03-01-2011 02:51 PM
I live in a 125 year old rowhouse. I had my living and dining room floors refinished in the fall, which included removing the molding in both rooms. I plan to begin replacing the molding and painting the walls next week. The reason for the gap between the two projects was strictly financial. I wouldn't do it that way again - I nearly froze from the cold air blasting through!
Aside from freezing, my house also become infested with mice. I've had problems in the past, and as long as I stayed on top of it, I eventually got rid of the critters. However, even before removing the molding, the problem was getting worse - old homes just get older, and little cracks/openings become bigger. I've tried everything including stuffing all the cracks with toxic substances and stuffing steel wool on top of that.

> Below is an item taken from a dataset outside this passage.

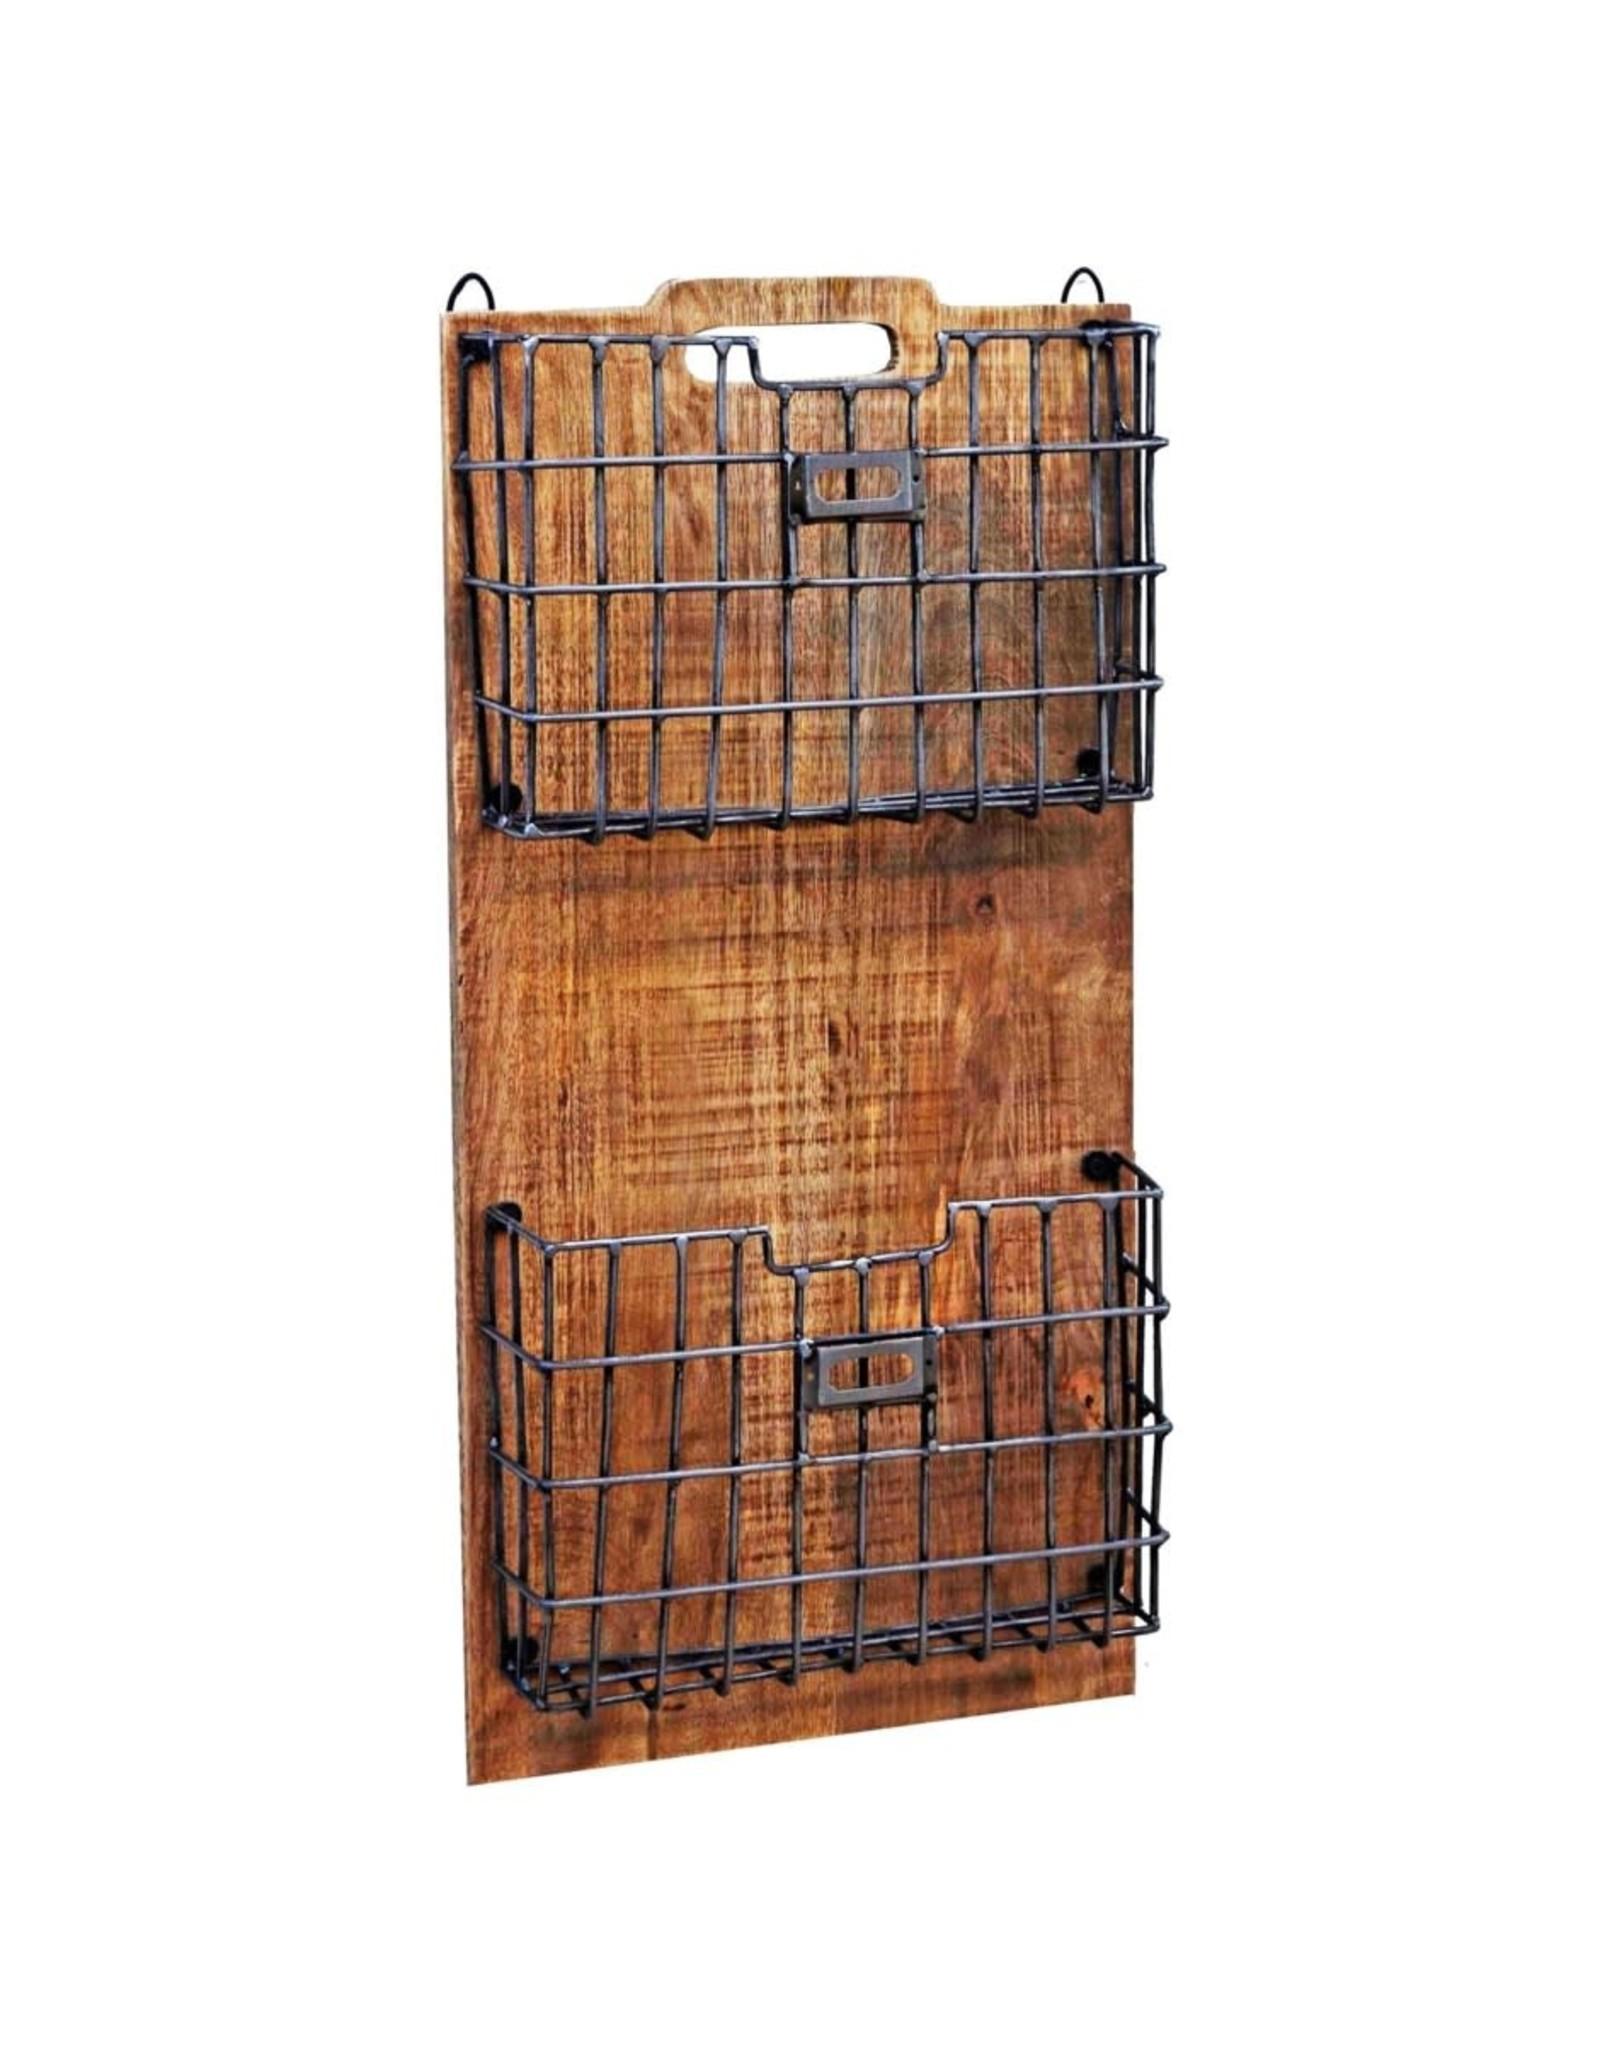 Support en bois avec paniers en métal

My question is this: my neighbor suggested filling all the openings with cement, which sounded like a good solution. However, not being all that knowledgeable about this kind of thing, I wondered if I might be creating more problems than I solve. What do you think
03-01-2011 04:05 PM - edited 03-01-2011 04:07 PM
Greetings GREATat58 and welcome to the community.

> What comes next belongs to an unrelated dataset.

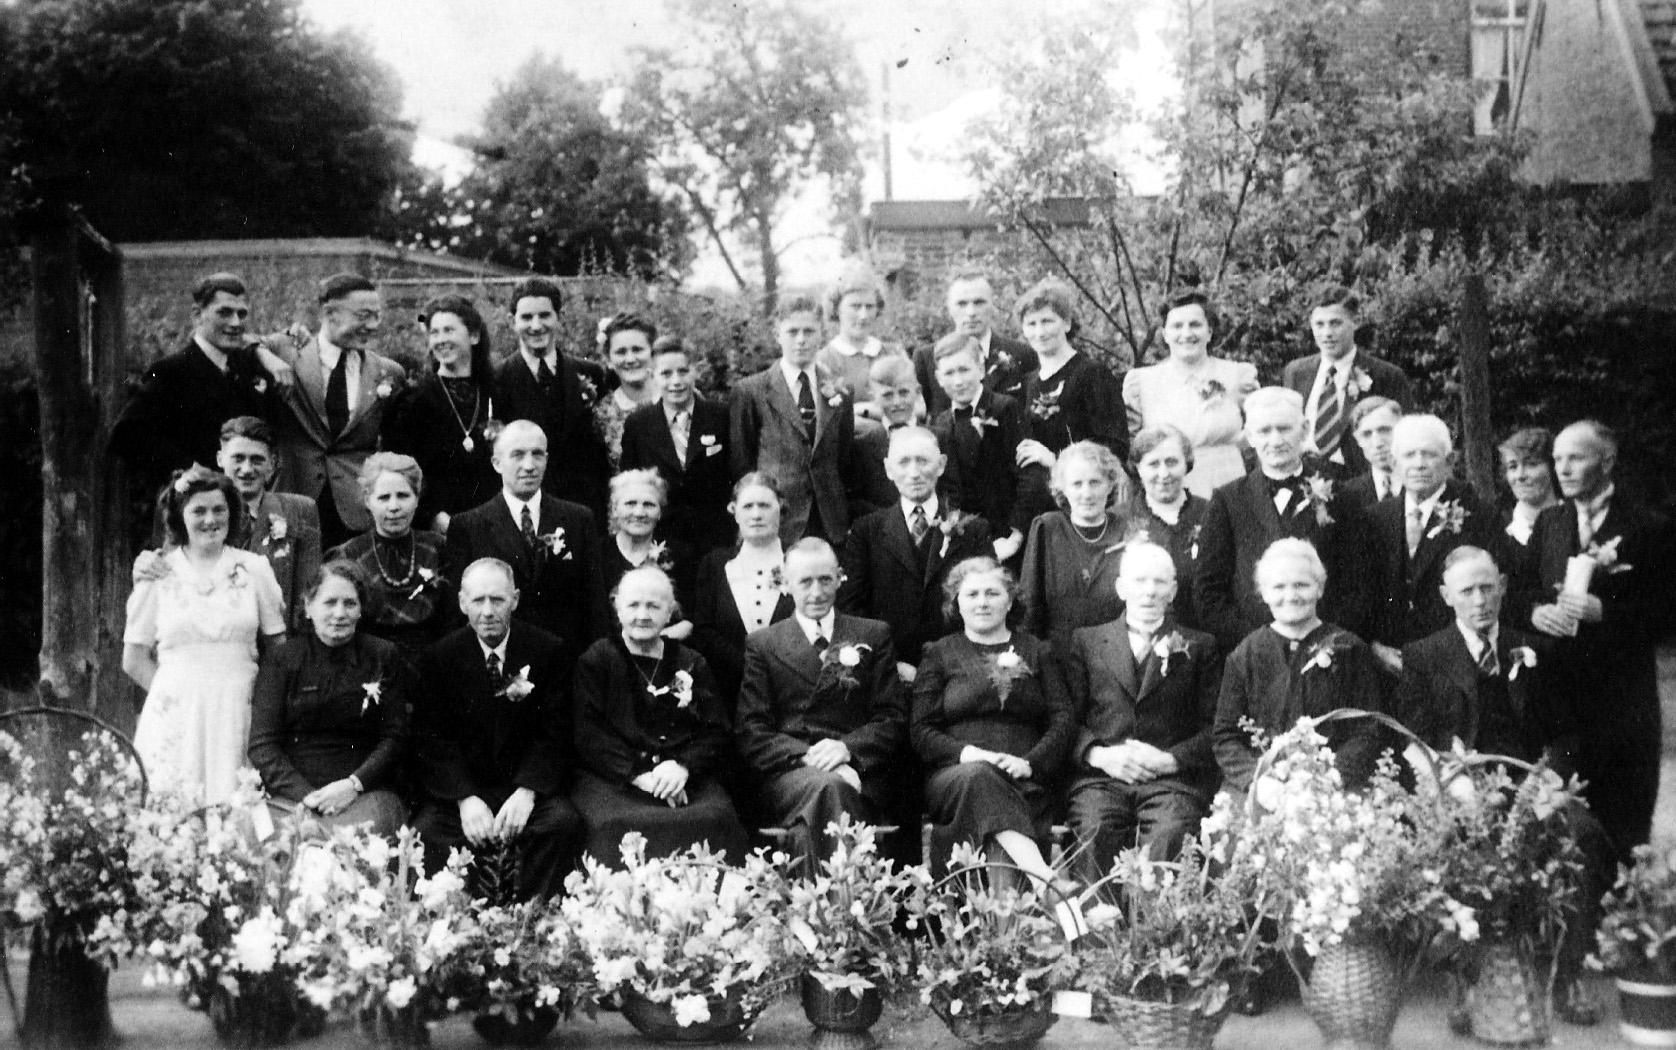 ca1950 Zilveren bruiloft Willem Berkelmans en Jaan van de Donk

I'm sorry to hear about you critter problem.
You are right about the older homes they just get older and older and little cracks and openings just get bigger and bigger
It’s very hard to deal with this problem once it gets out of the control.
I have maintained before some old frame type apartment buildings here in Chicago and I remember constantly sealing critter holes around the garden units and porch areas.
My recommendation would be to first seal up holes on the outside of the building.
Look for the holes around the foundation, crawlspace vents if you have any and under the doors.
Filling holes with cement wouldn’t create any issues with structure but I can’t see it being effective being that mice can squeeze through a hole the size of a nickel. Also I can see cement being very difficult and messy to use on a vertical surfaces.
Seal large openings with steel lath or hardware cloth. Use a steel wool and caulk for smaller holes and hardware cloth around the bottom plate - foundation perimeter. You can also use expanding foam and steel wool for some medium size openings.
I would also recommend using a lath screen behind the baseboards.
Simply cut the lath screen or hardware cloth in an L shape slightly narrower than the width of the baseboard.
Make sure that the bottom of the L cloth is not sticking out on the bottom of the baseboard once the baseboard it’s installed and staple the same L section down to the floor.
Once the baseboard it’s installed and nailed to the walls cloth should be invisible and firmly attached around the perimeter of the room.
Adding hardware cloth behind the baseboard will push baseboard a little bit out but you can always fill the gaps with paintable caulking.
I’m not an expert when it comes to rodent control I just wanted to share my experience and some of the techniques I have used.
Hope this helps and again welcome to the community.